We start at the Puerta de Bisagra, which actually consists of a double gate with a courtyard. On the front is a large coat of arms of the Habsburgs and in the courtyard stands a statue of King Carlos V.
From there we take the bus to the Plaza de Zocodover, where we do not stay long. Through the Travesia Barrio Rey, we come to the Plaza Magdalena with the Iglesia de la Magdalena.
We reach Calle Tornerias and continue to Teatro de Rojas. On the square in front is a nice little restaurant with tables under the green trees. We go around the next block and are at Plaza Cuatro Calles.
As the name suggests, some important roads come together here and you are at the center of activity. We assimilate the atmosphere of the medieval backdrops and busy crowds of shopping natives and international tourists.
Behind the cathedral on Calle Hombre de Palo, we discover a restaurant where the bullfighting tradition is still honored. A large sculptured bull head on the wall is framed by many images with scenes of bullfights and famous toreros.
In Calle Arco de Palacio, we meet Ana Alcaide, who wowed the passers-by with her play on medieval instruments.
She gives us the permission to use their music in our videos.
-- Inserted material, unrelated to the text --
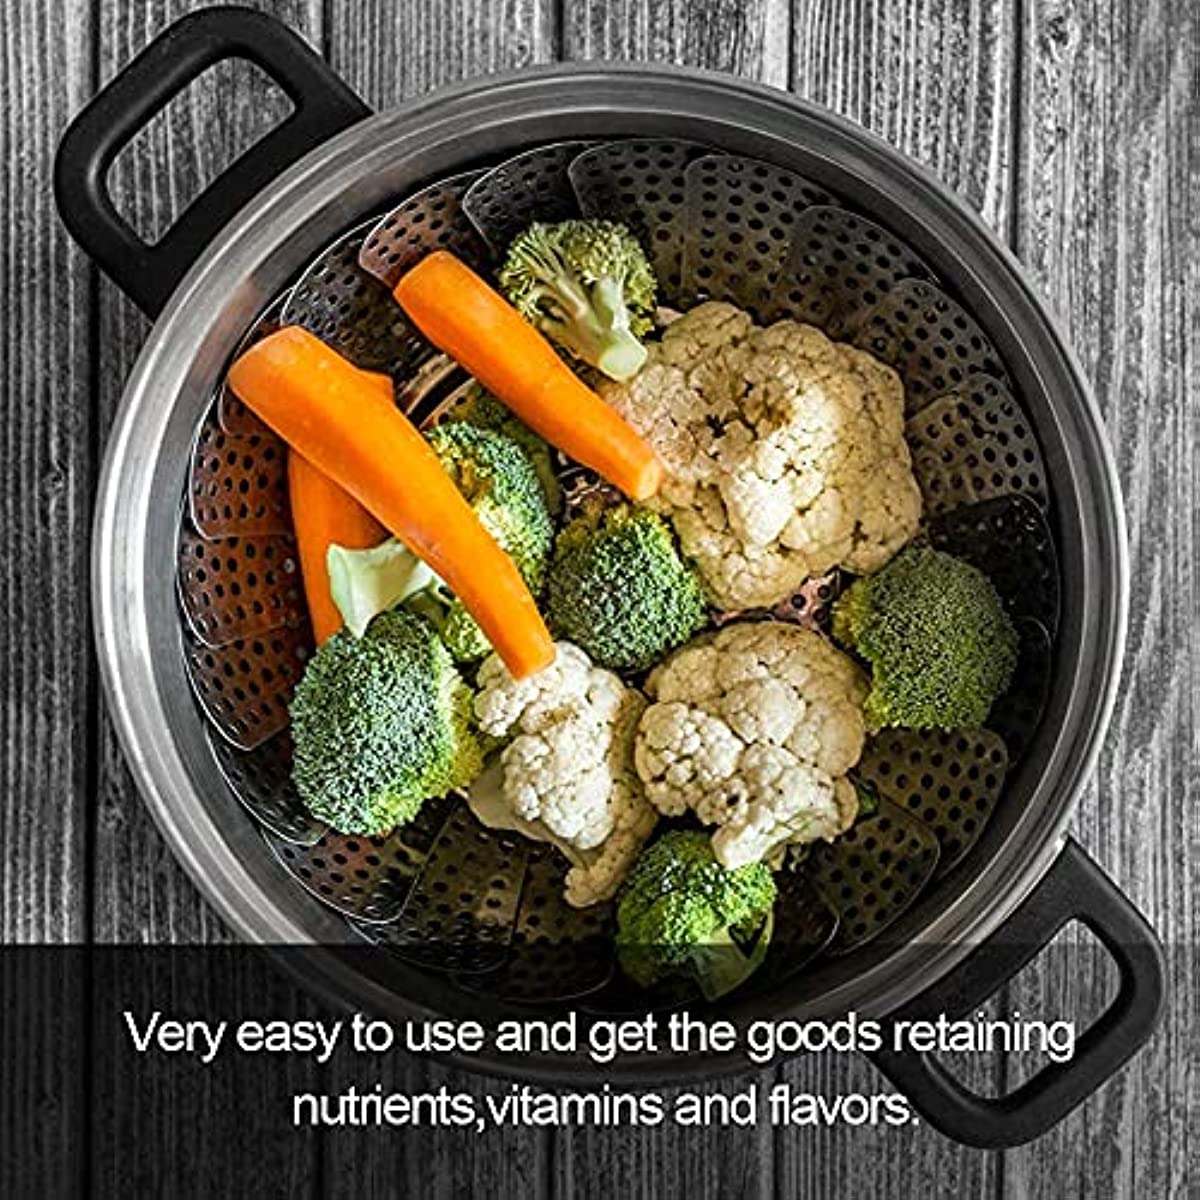 Food Steamer Basket, Vegetable Fruit Strainer, Stainless Steel
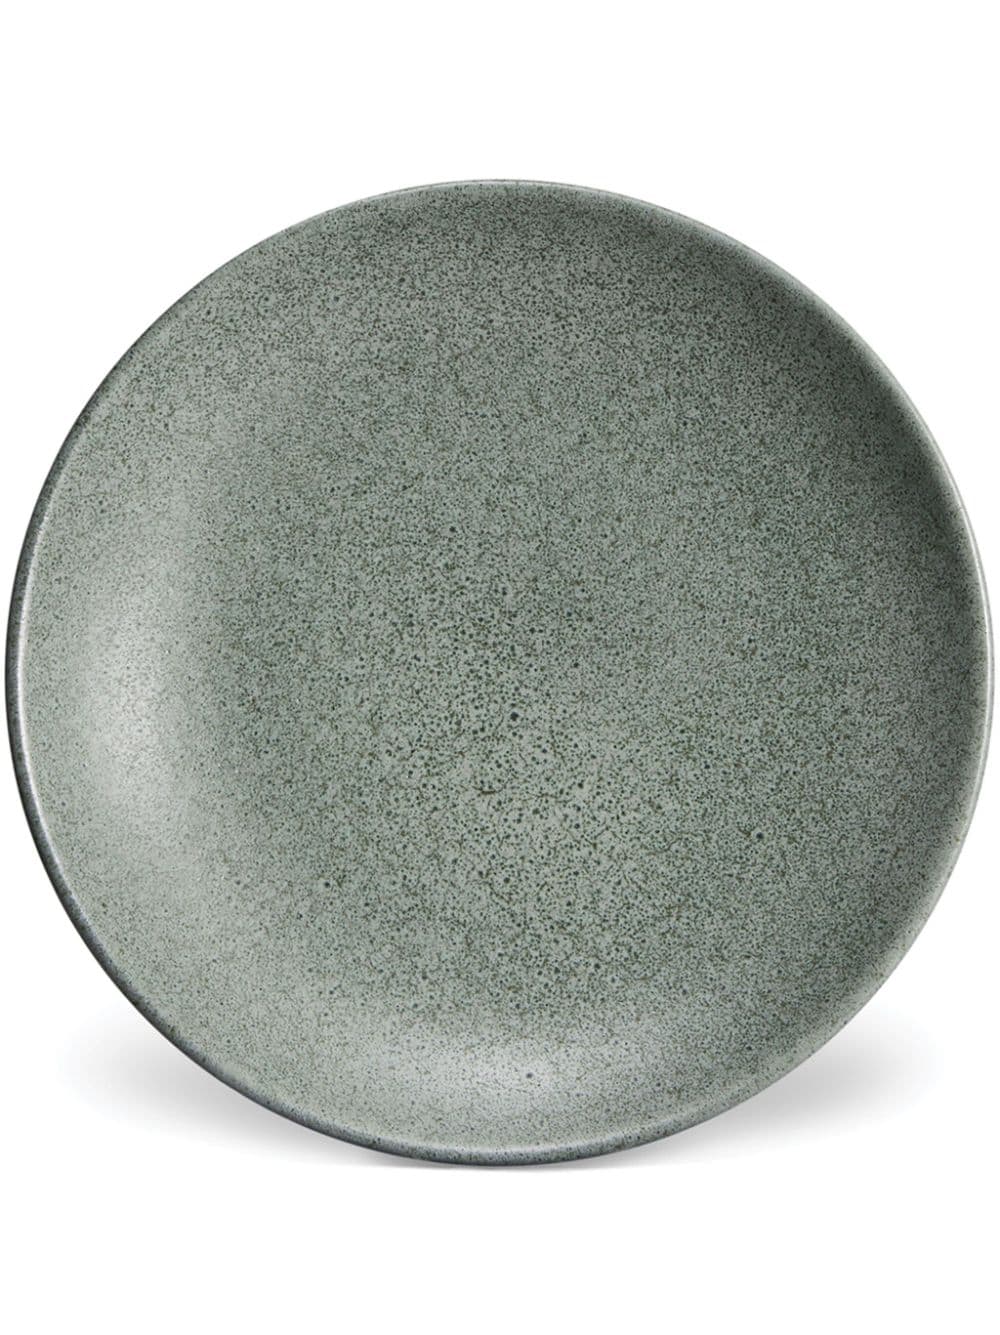 L'Objet Terra porcelain plate (16cm) - Green von L'Objet

We would like to express our heartfelt thanks for this.
On the way back through Calle Comercia, the main shopping street Toledos, to Plaza de Zocodover, we try to devote ourselves more to the articles in the shops.
Besides marzipan and handheld fan, we find many arms shops with armor, swords, and knives.
Since about 500 BC, Toledo has been a traditional steel-working center. Hannibal used the swords from Toledo in the Punic Wars. Soon, it came to the attention of Rome and a standard source of weaponry for Roman Legions.
Toledo steel is famous because the hardness is much higher than Damascus steel. The Damascus steel is famous for the specific metal-working technique. The swords of Emperor Charles V were also manufactured in Toledo. It is not surprising that this tradition of craftsmanship continued to this day.
But there is something else that is often offered here: the fantastic tasting ham, the Jamon Iberico of dark-skinned Spanish pigs, which of course enjoys great popularity.
At Plaza de Zocodover, we come to the Arco de la Sangre. In former times, the gate that was the only entry to Toledo. In the courtyard is a statue of Spain’s national poet Miguel de Cervantes. An author in medieval clothes writes signs for you.
Back at the square, we observe a formation of soldiers in historical uniform. We suspect that these are uniforms of royal troops at the beginning of the 19th century. They are accompanied by MP (policía militar) soldiers.
Now we want to visit an old mosque, the Mezquita de las Tornerías in Calle Tornerias. It is a Moorish mosque from the 11th century which has overcome an eventful history.
Today it houses the “Center Foundation of Promotion of the Crafts”. Unfortunately, it is closed and we cannot see the building from inside.
We then decide to take a bus to see Toledo from outside. The Hop-on Hop-off bus starts at the Alcazar. We are glad to be able to sit for a while.
The ride leads around the Alcazar of Toledo and down the mountain to the Puerta de Bisagra. From there, we cross the river Tagus to the train station. Since we already know the building we continue. The bus returns to the city and then crosses the Tagus on the Puerta de Alcantara again.
To the left is the infantry academy of Toledo. On the right, on the other bank of the Tagus, the mountain rises with the Alcazar. The Tagus flows through a deep valley. In a big loop, the bus circles up a steep hill. Then we reach the plateau. From here you have the most beautiful panorama view of Toledo.
We enjoy the sight and we are hardly able to stop watching.
Now we continue downhill to Puente de San Martin, where we leave the bus again.